Human Umbilical Cord Mesenchymal Stem Cells Attenuate Ocular Hypertension-Induced Retinal Neuroinflammation via Toll-Like Receptor 4 Pathway

Abstract EN

Glaucoma is characterized by progressive, irreversible damage to the retinal ganglion cells (RGCs) and their axons.

Our previous study has shown that the intravitreal transplantation of human umbilical cord mesenchymal stem cells (hUC-MSCs) reveals a neuroprotective role in microsphere injection-induced ocular hypertension (OHT) rat models.

The protection is related to the modulation of glial cells, but the mechanisms are still unknown.

The purpose of the present study is to clarify the potential neuroinflammatory mechanisms involved in the neuroprotective role of hUC-MSCs.
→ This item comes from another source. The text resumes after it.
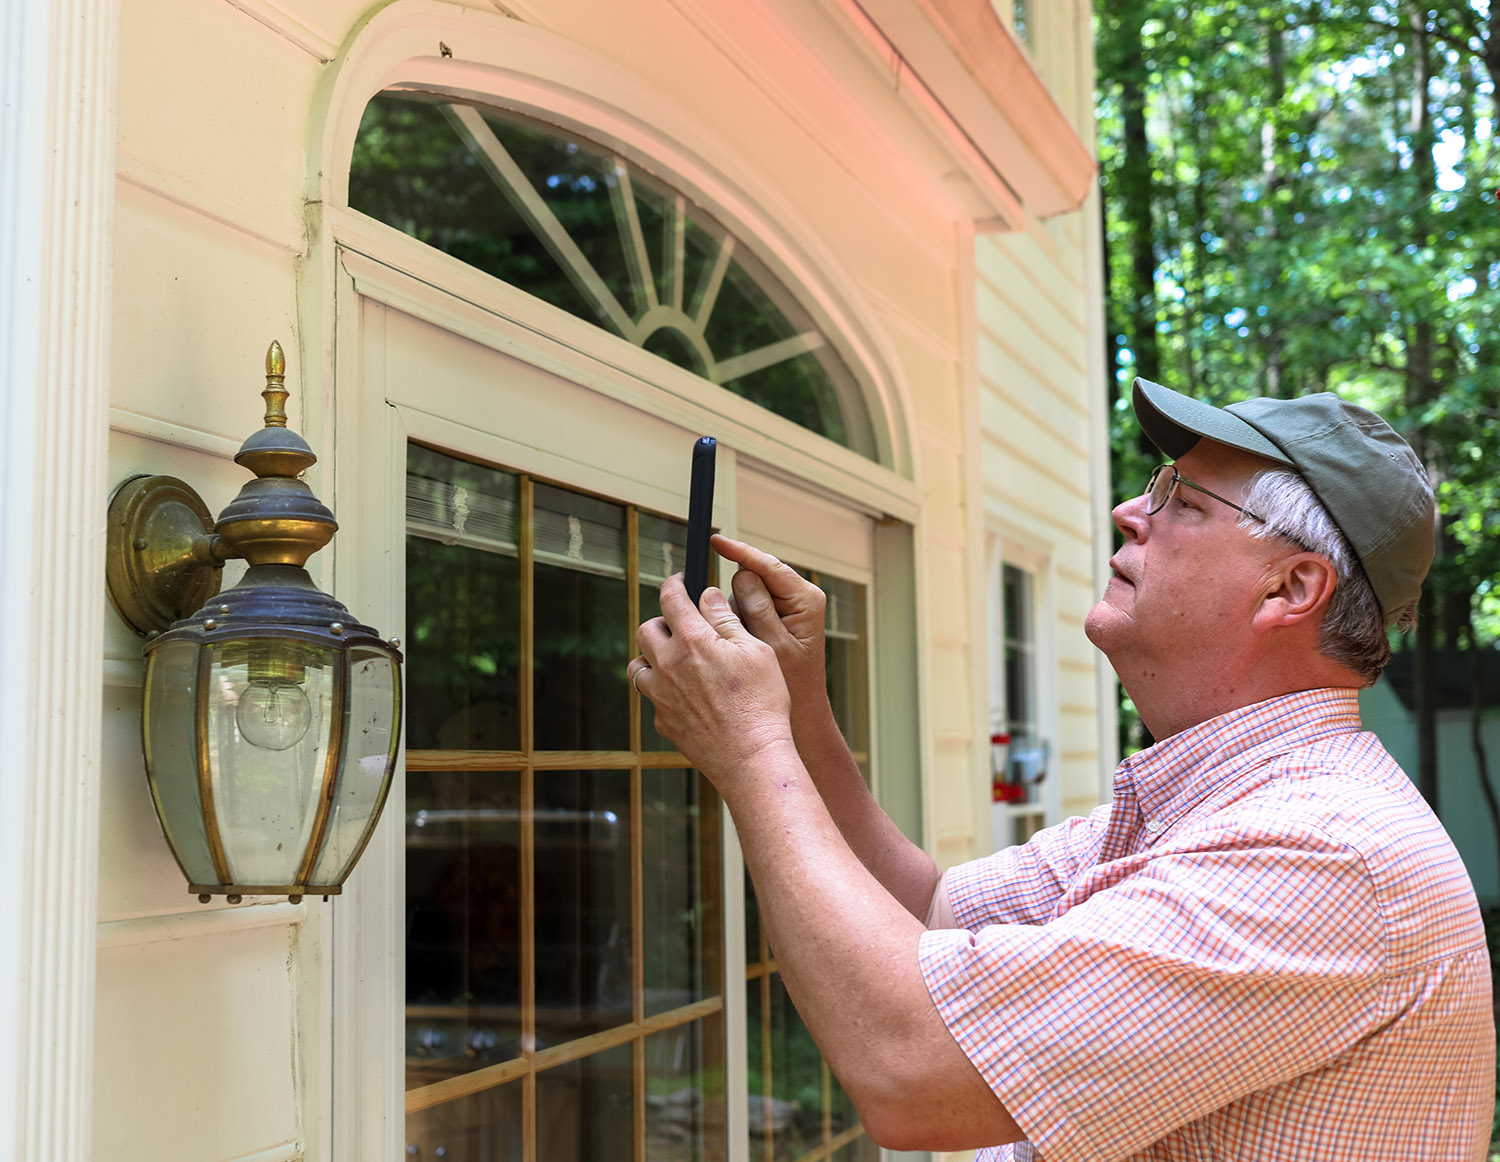 Our licensed home inspectors, Mark, inspecting the outside of a house

OHT models were established with SD rats through intracameral injection of polystyrene microbeads.

The animals were randomly divided into three groups: the normal group, the OHT+phosphate-buffered saline (PBS) group, and the OHT+hUC-MSC group.

Retinal morphology was evaluated by measuring the inner retinal thickness via optical coherence tomography (OCT).

Retinal cell apoptosis was examined by TUNEL staining and Bax expression 14 days following hUC-MSC transplantation.

The expression levels of glial fibrillary acidic protein (GFAP), ionized calcium binding adapter molecule 1 (iba-1), and toll-like receptor 4 (TLR4) were assessed via immunohistochemistry, real-time quantitative PCR, and Western blot.

RNA and proteins were extracted 14 days following transplantation, and the expression levels of the TLR4 signaling pathways and proinflammatory cytokines—myeloid differentiation factor 88 (MyD88), IL-1β, IL-6, and TNF-α—were determined.

OCT showed that the intravitreal transplantation of hUC-MSCs significantly increased the inner thickness of the retina.

A TUNEL assay and the expression of Bax suggested that the apoptosis of retinal cells was decreased by hUC-MSCs 14 days following transplantation.

Intravitreal hUC-MSC transplantation resulted in a decreased expression of GFAP, iba-1, TLR4, MyD88, IL-1β, IL-6, and TNF-α 14 days following transplantation.

In addition, via in vitro experiments, we found that the increased expression of the TLR4 signaling pathway induced by lipopolysaccharide (LPS) was markedly decreased after hUC-MSCs were cocultured with rMC-1 and BV2 cells.

These findings indicate that hUC-MSC transplantation attenuates OHT-induced retinal neuroinflammation via the TLR4 pathway.